Technical information
- Licensing authority: FCC
- Facility ID: 33687
- Class: B
- Power: 1,000 watts day 123 watts night
- Transmitter coordinates: 36°50′52.2″N 94°19′12.8″W﻿ / ﻿36.847833°N 94.320222°W
- Translators: K261ET (100.1 MHz, Neosho)

Links
- Public license information: Public file; LMS;
- Webcast: Listen Live
- Website: Official Website

= KBTN (AM) =

KBTN (1420 AM) is a radio station broadcasting a sports talk format. Licensed to Neosho, Missouri, United States, the station serves the Neosho, Missouri, area. The station is currently owned by American Media Investments, and features programming from Fox Sports Radio.

==History==
From its inception until the introduction of KBTN-FM, KBTN (AM) was a community-minded, low-power station that broadcast local news, local sports, and in-house produced programming. From the 1950s to the 1990s, the station broadcast on a dawn-to-dusk schedule at a power of 500 watts. A well-remembered announcer, "Herkimer P. Pushbroom" (Joe Johnson), greeted early morning risers for years, along with his fictional sidekick, "Homer" the rooster. David Winegardner owned and managed the station from 1974 through the years 2000. KBTN played a major role in the emergency notifications during the tornado of 1975, saving many lives.

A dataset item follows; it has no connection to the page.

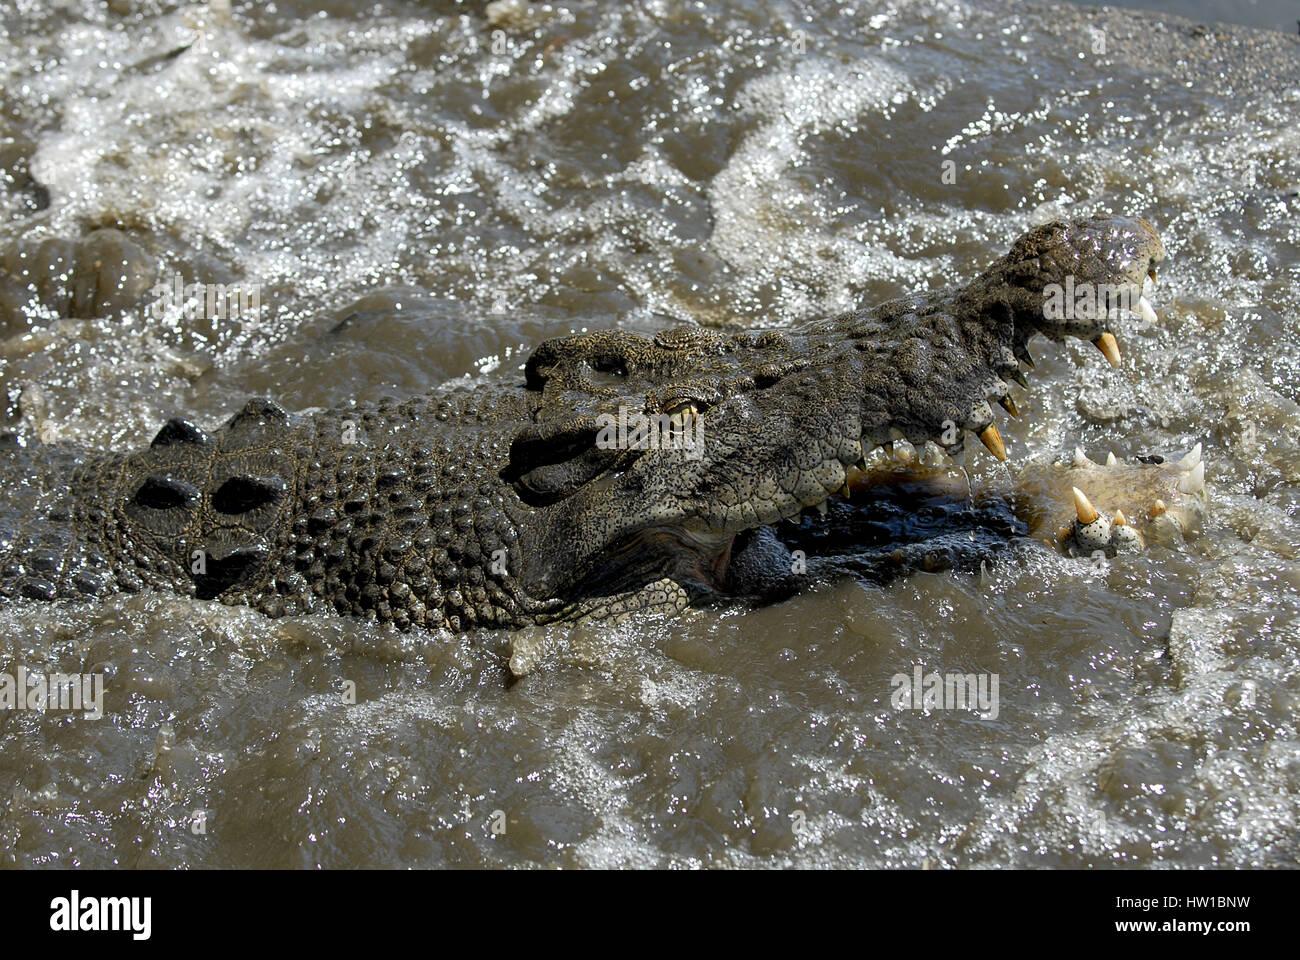 Crocodile, Krokodil Stock Photo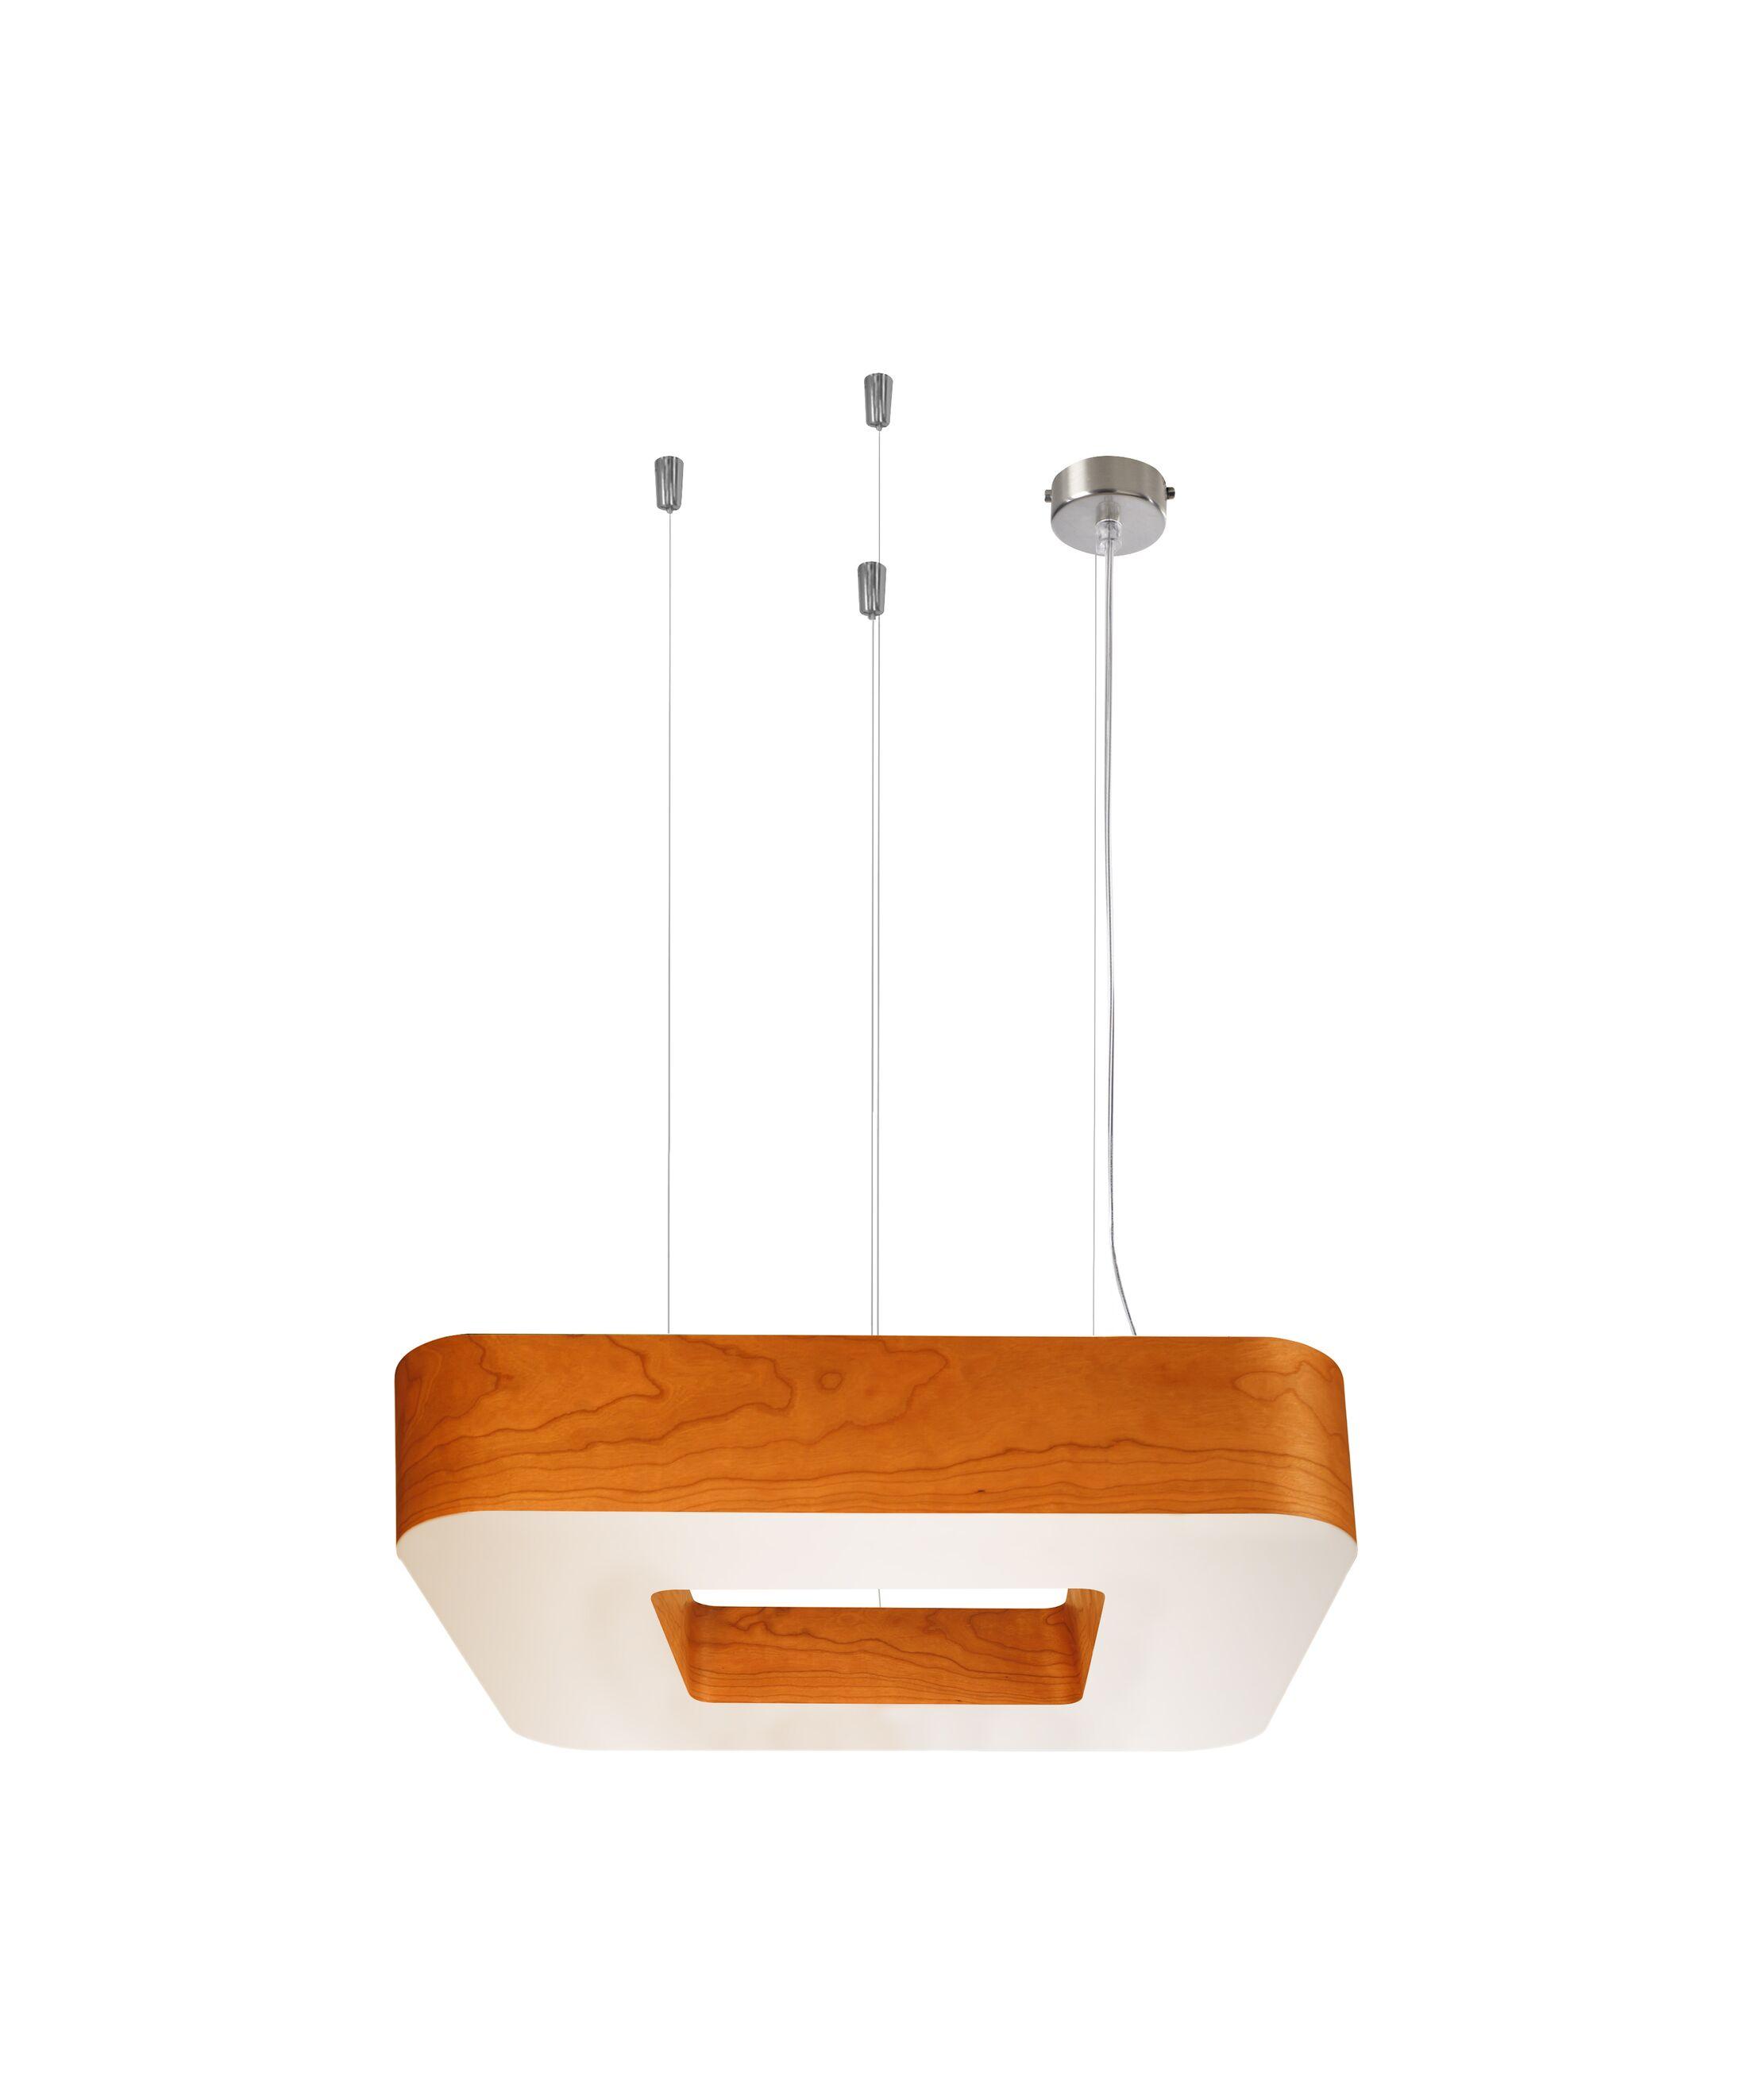 Cuad Club 4-Light Square/Rectangle Chandelier Ballast: Multivolt, Size: Medium, Finish: Orange

===Expanded Band assignment===
On March 17, 1997 the Federal Communications Commission (FCC) announced that eighty-eight stations had been given permission to move to newly available "Expanded Band" transmitting frequencies, ranging from 1610 to 1700 kHz, with KBTN authorized to move from 1420 to 1670 kHz. However, the station never procured the Construction Permit needed to implement the authorization, so the expanded band station was never built.

===Later history===
The station was once affiliated with both Citadel Media and CNN Radio. Station call letters were changed to KQYS on March 16, 2006, but changed back to KBTN on May 28, 2008.

On January 31, 2022, the station fliped its format from classic rock to sports.